Эльза нашла Фоя у дверей конторы, где он уже ждал ее, и они вместе вышли из городских ворот в луга, лежавшие за городом. Сначала оба говорили немного, так как у каждого были мысли, которые не хотелось высказывать. Однако, отойдя недалеко от города, Эльза уже не могла дольше сдерживаться - страх, пробужденный в ней Рамиро, при напряжении ее нервов доводил ее почти до истерики. Она заговорила; слова лились, как вода, прорвавшая плотину. Эльза сказала, что видела Рамиро, и еще многое, многое, все, что она вынесла в это время, все, что перестрадала за горячо любимого отца.
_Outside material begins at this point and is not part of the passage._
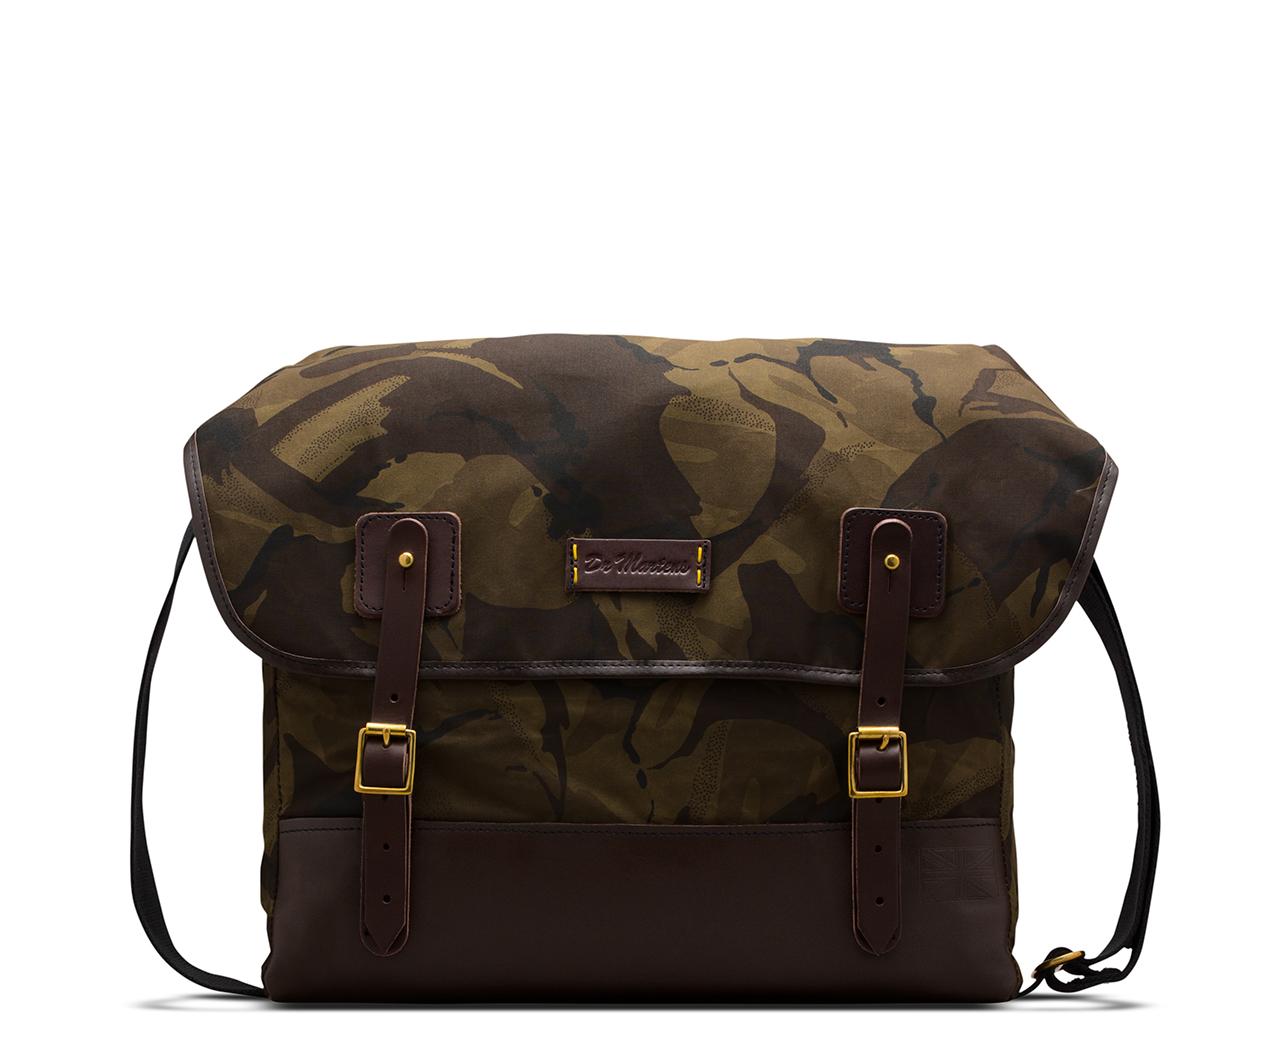 Men's Bags & Satchels | Official Dr. Martens Store - UK

Наконец она замолчала и, остановившись на берегу реки, ломая руки, заплакала. До сих пор Фой не говорил ничего: его находчивость и веселость совершенно оставили его. И теперь даже он не знал, что сказать; он только обнял девушку за талию и, привлекая ее к себе, поцеловал в губы и глаза. Она не сопротивлялась, ей даже не пришло это в голову; она опустила голову ему на плечо и тихо рыдала. Наконец она подняла лицо и спросила очень просто:
- Чего ты желаешь от меня, Фой?
- Чего? - повторил он. - Желаю стать твоим мужем.
- Время ли теперь выходить замуж или жениться? - спросила она снова, как будто рассуждая про себя.
- Не знаю, - отвечал он, - но мне кажется, что только это и можно сделать: в наши дни вдвоем все же легче жить, чем одному.
Она несколько отступила и, грустно покачав головой, начала было:
- Отец мой…
- Да, - прервал он ее, просияв, - благодарю, что ты упомянула о нем. Это напомнило и мне. Он также желал нашего союза; и теперь, когда его нет, надеюсь, что ты разделишь его взгляд.
- Не поздно ли теперь спрашивать об этом? - проговорила она, не смотря на Фоя и приглаживая своей маленькой белой ручкой растрепавшиеся волосы. - Но что ты хочешь сказать этим?
Слово за словом, как мог восстановить в своей памяти, Фой повторил сказанное ему Гендриком Брантом перед тем, как они с Мартином отправились на опасное предприятие в Гаарлемское озеро, и закончил:
- Ты видишь, он желал этого.
- Его желания всегда были моими желаниями, и я… я также желаю этого…
- Бесценные вещи не легко приобрести, - сказал Фой, вспомнив слова Бранта, между тем как в душу его закралось опасение.
- Это он намекал на сокровища? - сказала она, и улыбка осветила ее лицо.
- Это сокровище - твое сердце.
- Правда, вещь не имеющая цены, но, мне кажется, неподдельная.
- Но и лучший металл может треснуть от долгого употребления.
- Мое сердце выдержит до смерти.
- Большего я не прошу. Когда я умру, можешь отдать его, кому захочешь; я снова найду его там, где нет ни женитьбы, ни замужества.
- Не много от него осталось бы на долю другого; но вглядись внимательно и в свое золото: как бы его чеканка не изменилась - ведь золото плавится в горне, и каждая новая королева чеканит свою монету.
- Довольно, - нетерпеливо перебил ее Фой. - Зачем ты говоришь о таких вещах, да еще загадками, сбивающими меня.
- Потому… потому, что мы еще не женаты, бесценные же вещи - повторяю не свои слова - не легко достаются. Полную любовь и согласие нельзя приобрести несколькими нежными словами и поцелуями - они приобретаются путем испытаний…
- Немало их еще выпадет на нашу долю, - весело отвечал он. - А в начале пути очень приятно поцеловаться.
После этого Эльза уже не стала возражать.
Наконец, они повернули и пошли обратно в город в спокойные сумерки, рука в руке, счастливые в душе. Они не выражали этого счастья, потому что голландцы вообще народ сдержанный и не любят выказывать своих чувств. Кроме того, условия, при которых они дали друг другу слово, были особенные: как будто их руки соединились у одра умирающего, у смертного одра Гендрика Бранта, гаагского мученика, кровь которого взывала к небу о мести. Это чувство, тяготевшее над ними, сдерживало проявление юношеской страсти; но даже если бы они были в состоянии забыть свое горе, осталось бы еще другое чувство, которое сковало бы их, - чувство страха.